Study site and methods

This study took place over two years at Sunset Dam (25°06.972 S 031°54.729 E) near the Lower Sabie rest camp in the Kruger National Park. Sunset Dam is 200 m from the Sabie River. Tourists have regular sightings of crocodiles at this dam.

Our sampling focused on four events of three days each during April 2015, February 2016, September 2016 and February 2017. Sampling at the study site was only conducted when heavy wind, rain or overcast conditions were absent. Each sampling event consisted of counting crocodiles from a game drive vehicle parked at Sunset Dam. Observers counted crocodiles every 30 min, starting at 09:00 and ending at 12:00, noting all visible crocodiles on land and in the water at the time. When visible, observers also photographed the tails of all crocodiles for later individual identification using the scute marking technique (details follow). To emulate the equipment that tourists might use, we used a combination of photography techniques including a DSLR (75-300 mm lens DSLR Canon ELS Rebel T3I camera), a Canon H50 Powershot with 50 × digital zoom and 'digiscoping' by taking photographs through a Nikon ED field spotting-scope, mounted on a tripod inside the vehicle. During the first sampling event (April 2015), observers also measured the distance to all crocodiles, noted from the observation point with a laser range finder (Foresty 550 6 × 21).

The distinct markings on scutes running laterally down the tail allows the individual identification of Nile crocodiles (Bouwman & Cronje 2016; Swanepoel 1996). We applied Swanepoel's (1996) method, although subsequent work suggests an alternative 11-scute system (see Bouwman & Cronje 2016). We, however, generated a unique nine-scute code by recording the markings of the last anterior, unfused scute and the subsequent scutes moving towards the head (Figure 1). The code was generated by recording the number of black marks on each scute and the relative position of the scute on which the mark(s) were located. If there were multiple black marks per tail segment, we repeated the corresponding scute number to the number of those marks. Adding parentheses to numbers represented single marks that occasionally extend across different scutes. Square brackets signified marks that are of a lighter colouration.


We created a crocodile photographic database containing either the left or the right scute markings identified during the study. Each record contains a unique ID; an exemplar photograph, whether it was the left or right tail observed; and a unique scute marking code, whether it was present or absent during subsequent sampling events. At least four observers captured data from photographs, assigned scute codes by consensus and drew conceptual diagrams of the tails (Figure 1b). Four observers in 2017 set out to test the level of agreement rates between different observers and independently captured data for each newly photographed individual. We considered 'disagreement' between assigned scute codes to be when three or more scute numbers differed from at least two observers among the codes assigned to each crocodile.

Data analysis

Firstly, we provide summary statistics of the overall crocodile photographic database created during the study period. Then, because it was particularly important to survey crocodiles when they were basking out of the water, and available for photographic mark-recapture, we estimated the change in crocodile abundance over time during the half-hourly sampling periods recorded on both land and in the water.

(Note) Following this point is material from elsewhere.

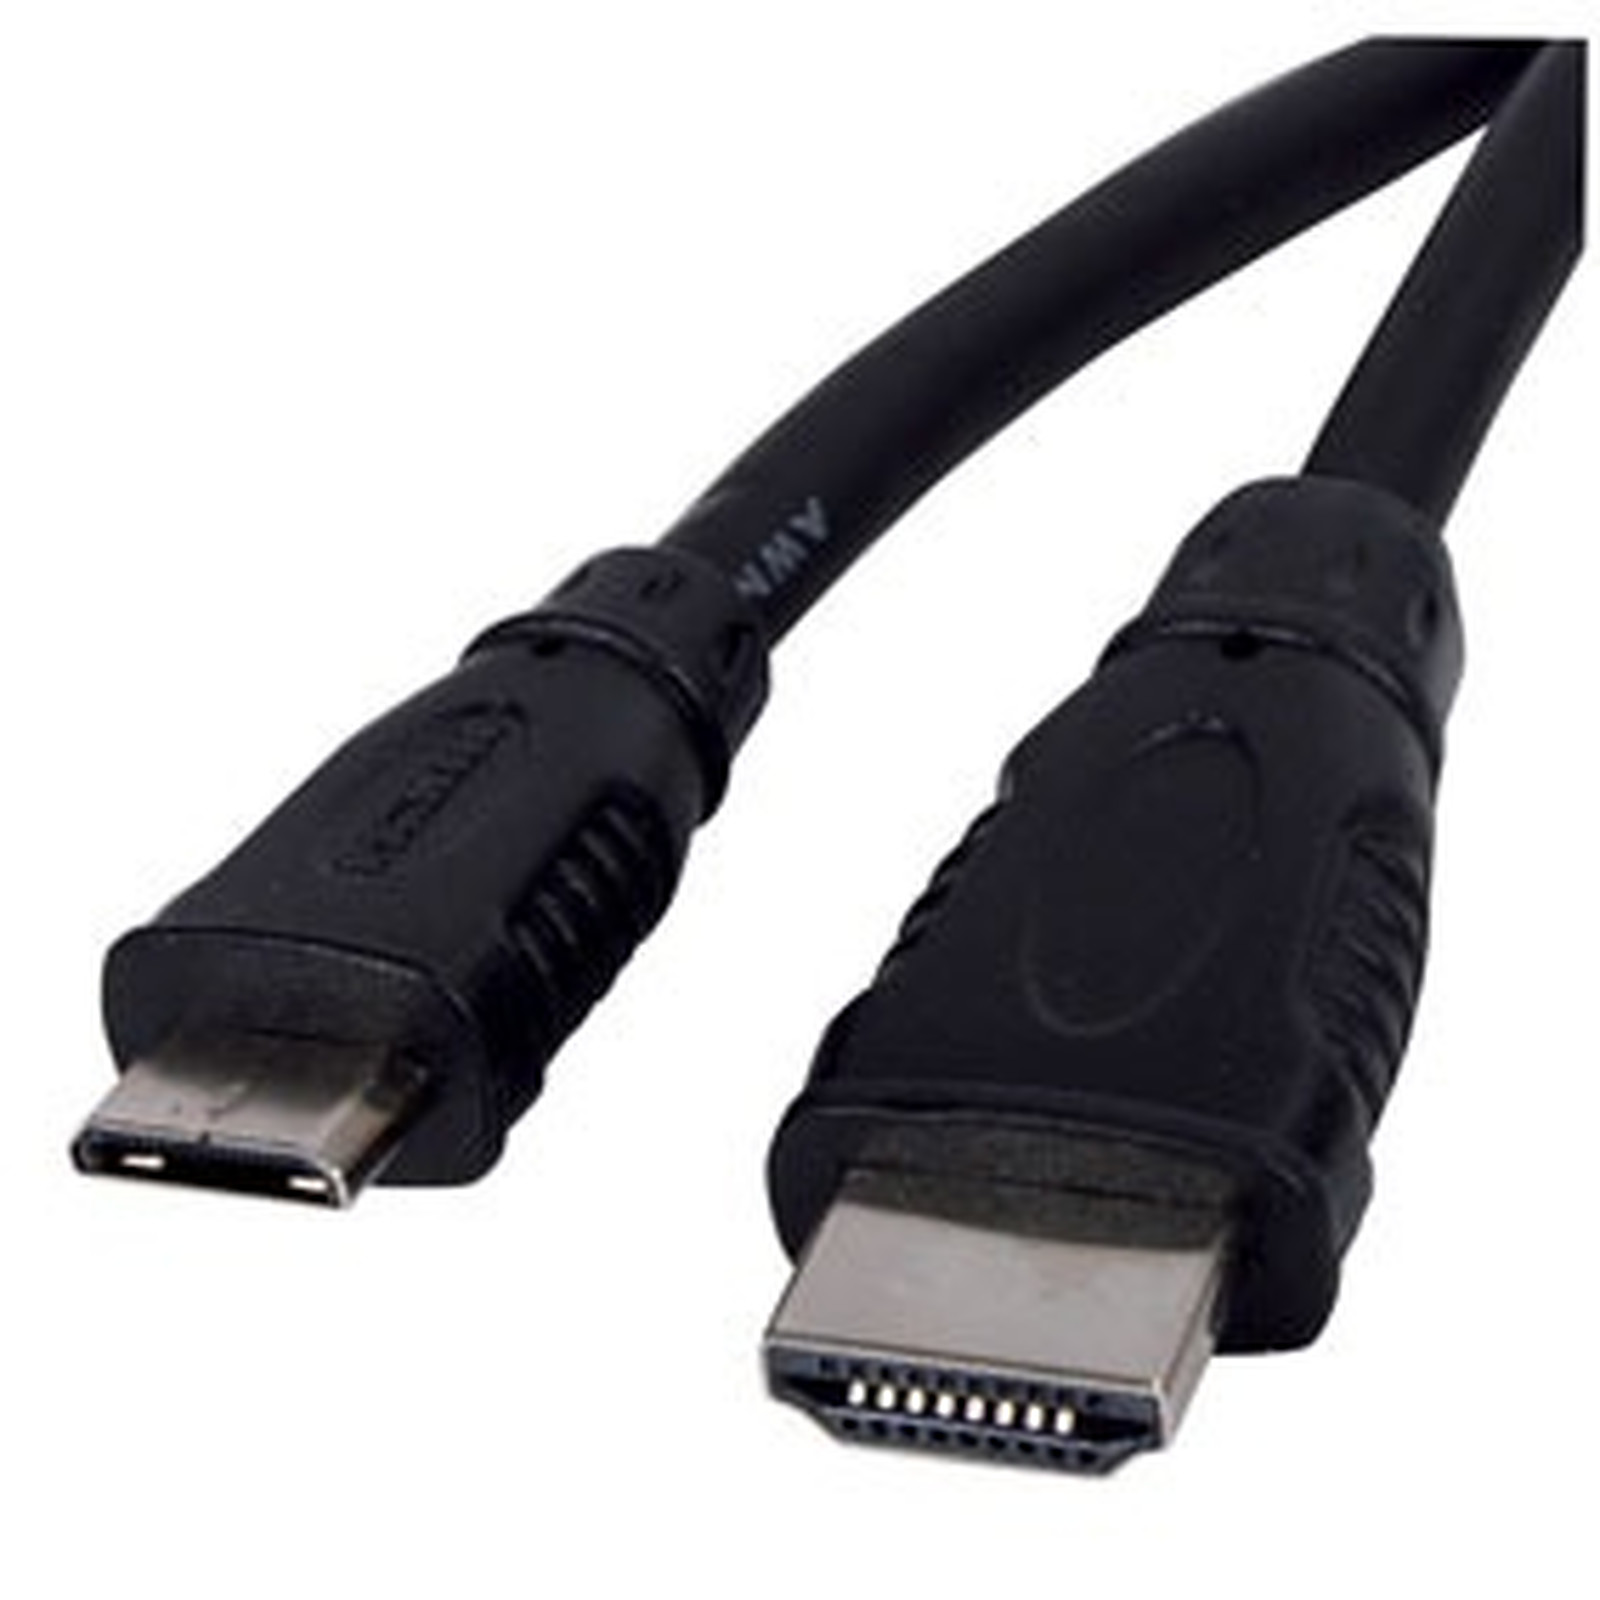 Cable HDMI male / mini HDMI male - (1 mètre) - HDMI Generique

To estimate the population size in order to determine changes at Sunset Dam in our dataset, we applied mark-recapture analysis. For this purpose, we considered individuals with unique left and unique right scute codes as 'marked'. Subsequent photographs and scute codes matched to previously coded individuals were 'recaptured'. We implemented a Cormack-Jolly-Seber (CJS) open population model to calculate the estimated population size (Pledger, Pollock & Norris 2003). Model implementation in 'R'(2017) used the package 'mra' (Amstrup, McDonald & Manly 2005) to calculate a population size estimate and standard error. Since crocodiles have different left- and right-hand scute marks (Bouwman & Cronje 2016; Swanepoel 1996), we ran a 'Left' model (left side of tail photographs only) and a 'Right' model (right side of tail photographs only).



A total of 113 left and right scute markings made up our sample during 2015-2017. After a total of 36 h of observation, only three individuals had both left- and right-hand sides photographed with certainty (based on visually tracking the individual for changing orientation). Our data comprised a total of 56 left tail and 57 right tail scute markings. The number of crocodiles on land decreased during the morning counts (Figure 2; Pearson's R = 0.94; p < 0.01; N = 7), while those counted in water did not (Figure 2; Pearson's R = 0.65; p = 0.117; N = 7). Standard deviation bars, however, overlapped half-hourly, indicating no appreciable peak in numbers of crocodiles basking on land (Figure 2). When comparing individual scute markings, the four observers collecting data during February 2017 disagreed on 8 out of 14 photographs they collected in total, a 57% disagreement rate. Photographed crocodiles were on average more than 120 m away (mean = 124 m; SD = 37.5 m; N = 53).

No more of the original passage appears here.